CSAPP Chapter 1 Excerpt

Processes

When a program runs on a modern system, the operating system provides the illusion that the program is the only one running on the system. The program appears to have exclusive use of both the processor, main memory, and I/O devices. The processor appears to execute the instructions in the program, one after the other, without interruption. And the code and data of the program appear to be the only objects in the system’s memory. These illusions are provided by the notion of a process.

About kernel

  • The kernel is the portion of the operating system code that is always resident in memory.
  • The kernel is not a separate process. Instead, it is a collection of code and data structures that the system uses to manage all the processes.

Threads

A process can actually consist of multiple execution units, called threads, each running in the context of the process and sharing the same code and global data.

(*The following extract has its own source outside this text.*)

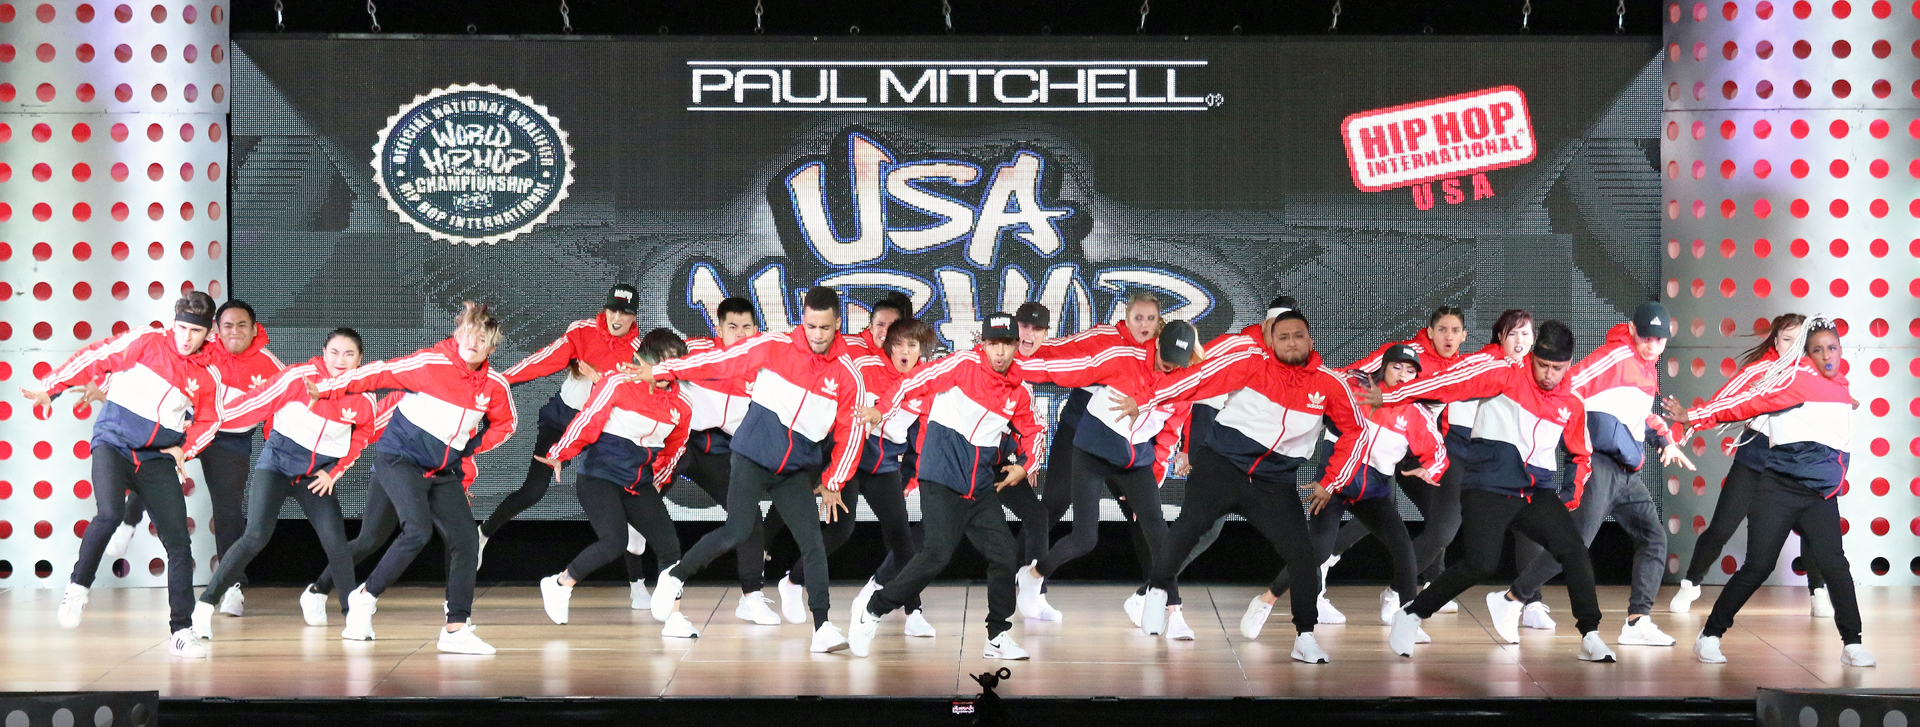 USA Hip Hop Dance Championship | HIP HOP INTERNATIONAL

  • Threads are typically more efficient than processes.

Virtual Memory

Virtual memory is an abstraction that provides each process with the illusion that it has exclusive use of the main memory. Each process has the same uniform view of memory, which is known as its virtual address space.

                  +-----------------------+  ^
                  |                       |  |
                  | Kernel virtual memory |  | Memory invisible to user code
                  |                       |  |
                  +-----------------------+  |
                  |      User stack       |
                  |  (create at run time) |
                  +-----+-----------------+
                  |     |                 |
                  |     v          ^      |
                  |                |      |
                  +----------------+------+
                  | Memory-mapped region  |
                  | for shared libraries  |  Like print function
                  +-----------------------+
                  |                       |
                  |           ^           |
                  |           |           |
                  +-----------+-----------+
                  |     Run-time heap     |
                  |  (created by malloc)  |
                  +-----------------------+
                  |                       | --+
                  |    Read/write data    |   |
                  |                       |   |
                  +-----------------------+   +-- Loaded from the executable file
                  |Read-only code and data|   |
                  +-----------------------+   |
Program start --->|                       | --+
                 0+-----------------------+

In Linux, the topmost region of the address space is reserved for code and data in the operating system that is common to all processes. The lower region of the address space holds the code and data defined by the user’s process.

  • Program code and data. The code and data areas are initialized directly from the contents of an executable object file.
  • Heap. The code and data areas are followed immediately by the run-time heap, which are fixed in size once the process begins running, the heap expands and contracts dynamically at run time as a result of calls to C standard library routines such as malloc and free.
  • Shared libraries. Near the middle of the address space is an area that holds the code and data for shared libraries such as the C standard library and the math library.
  • Stack. At the top of the user’s virtual address space is the user stack that the compiler uses to implement function calls. Like the heap, the user stack expands and contracts dynamically during the execution of the program.
  • Kernel virtual memory. The top region of the address space is reserved for the kernel. They must invoke the kernel to perform read or write operations.

Files

A file is a sequence of bytes, nothing more and nothing less. Every I/O device, including disks, keyboards, displays, and even networks, is modeled as a file, which provides applications with a uniform view of all the varied I/O devices that might be contained in the system.

Concurrency and Parallelism

We use the term concurrency to refer to the general concept of a system with multiple, simultaneous activities, and the term parallelism to refer to the use of concurrency to make a system run faster.

Hyperthreading

Hyperthreading, sometimes called simultaneous multi-threading, is a technique that allows a single CPU to execute multiple flows of control. As an example, the Intel Core i7 processor can have each core executing two threads, and so a four-core system can actually execute eight threads in parallel.